I'm coming out of a little bit of a closet, here (don't tell my wife): I have Multiple Sclerosis. Not the telethon thing (that's Muscular Dystrophy) or the bike-a-thon thing (which I think is cancer) but one of the walk-a-thon things where you get the wheelchairs and arm crutches tooling down the highway for a quarter a mile.
So abortion is, naturally, my pet issue.
Bob Burnett asks why men don't write about abortion. I think we do, but, lacking wombs and associated equipment, not so much from the defending-our-bodies standpoint as we probably should. So here's my banner: Keep your laws off my body, too!
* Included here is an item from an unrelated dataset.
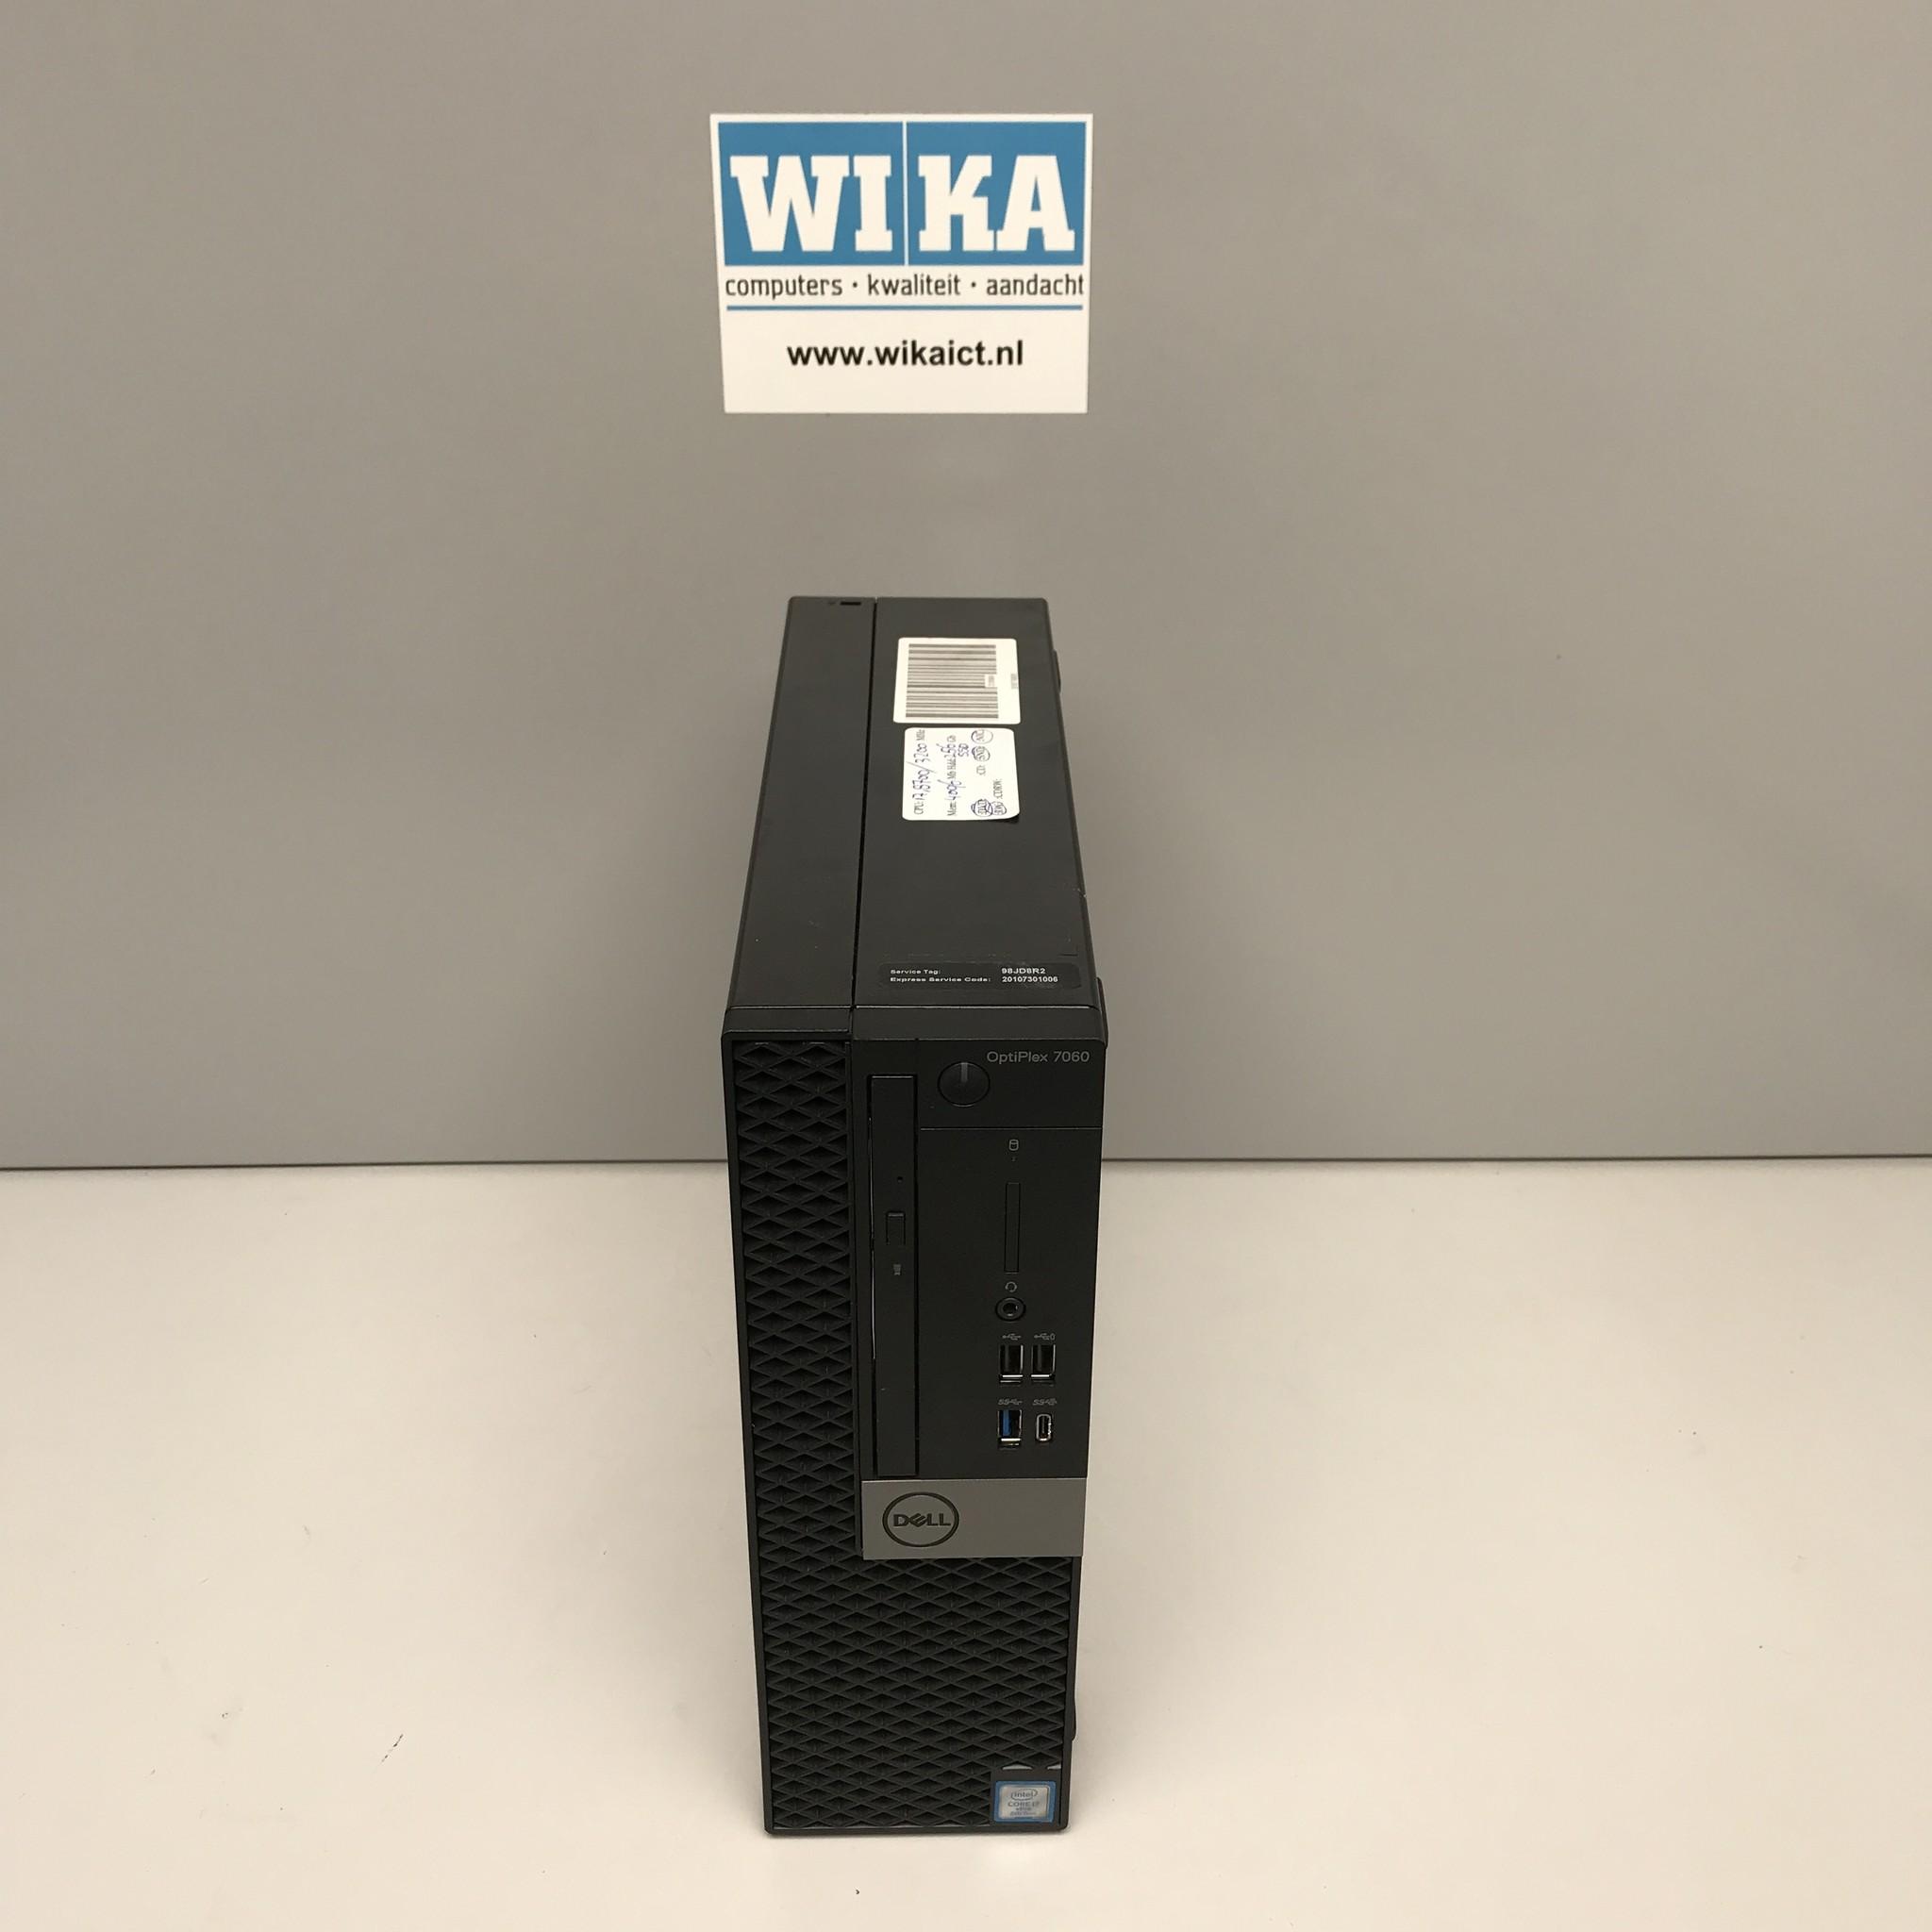 Dell Optiplex 7060 i7-8700 8Gb 256Gb SSD W10 Pro Tiny PC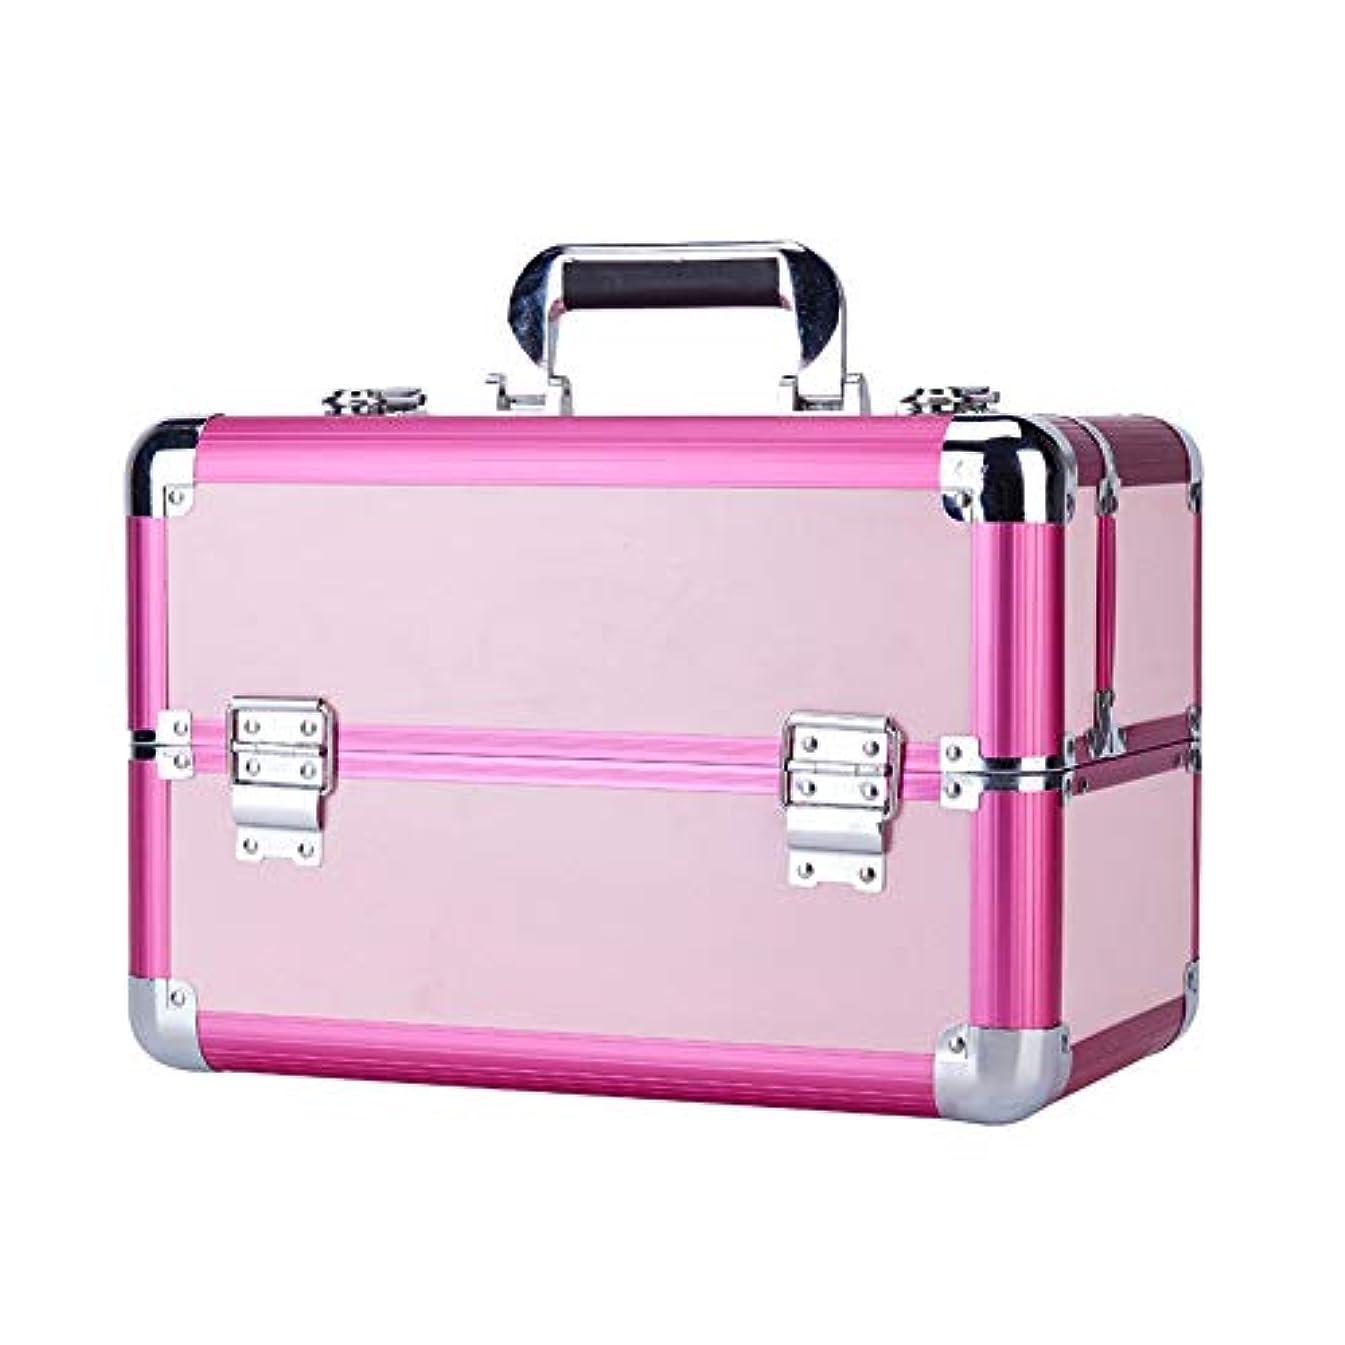 アート歩き回る冷笑する特大スペース収納ビューティーボックス 美の構造のためそしてジッパーおよび折る皿が付いている女の子の女性旅行そして毎日の貯蔵のための高容量の携帯用化粧品袋 化粧品化粧台 (色 : ピンク)

See, the anti-abortion extremists who, thanks to the Supreme Court, run the country -- and, thanks to the Supreme Court again, the Supreme Court as well -- want domain over my central nervous system. As a punishment for sin. Really.
In their twisted outlook, any cell created by slapping the male and female procreative mechanisms together is a person. (Yeah, yeah, "Every Sperm is Sacred," I know, but we're not talking about just Catholics here.) Therefore, as the Good Book tells us, that microscopic seed is (intelligently) designed to cause its carrier blinding pain as eternal payment for that wicked Eve wanting to understand, well, anything.
Apparently, Eve must have also had Multiple Sclerosis, because I too am paying in pain for her peek into that damned "tree of knowing-stuff." We can't look at what appears to be the best hope for fixing my pain -- stem cells -- because that would mean cheating some just-impregnated woman out of her chance to experience the miracle of epidural anesthesia. (Which, come on, must be another sin, right? It's in the book, people! Pain is the whole point! Anesthesia is the devil's workshop! Get Tom Cruise on the phone!)
Stem cells are, essentially, liberals. Open-minded, cooperative, helpful. Show them a cluster of damaged nerve sheaths that erroneously tell my brain that all my skin from the waist down is on fire, for example, and they say, "How can I get in there and fix it?"
But this budding Americorps has been co-opted by the religious end of the right-wing world into a selfish little conservative. Stick to your own tribe, fulfill your preacher's version of your divine mission, and for Christ's sake don't get involved in helping anybody. "I got mine; screw everybody else."
We don't have the technology to do the thousands of microscopic surgeries it'd take to repair Montel Williams's MS or Michael J. Fox's Parkinson's or my friend Andy's spinal cord injury or my dad's diabetes. Stem cells are that technology.
Only we can't get them because they're earmarked for biblical purposes.
Here's a radical idea: how about we separate the church from the state for real? Actually divorce the decisions about laws and government funding from Monsignor Megachurch's veto pulpit? Oh, wait. I was thinking of the mythical America we learned about in school. The "liberty and justice for all" one. Not George Bush's evangelical punishment machine.
As long as churches craft and determine our laws -- which is to say "as long as Republicans run the place" -- I'll be in pain. Searing, physical pain, not just the psychic pain that comes from seeing the word "Liberty" on all the quarters minted by the government that runs the Guantanamo prison camp. I'm not sure how that benefits anybody, least of all me, but it's the case.
If you get a chance, and I think there's one coming up, do me a favor and vote these cruel idiots out. Strip away their gavels that beat up -- and beat down -- millions of Americans every day. Put this technological marvel of a country back in the "do good things for Americans" business. Let the research lead where it leads, not just where some guy's scriptural interpretation decides it should lead.
Keep your scriptures; that's your right. Just keep them away from my country's laws.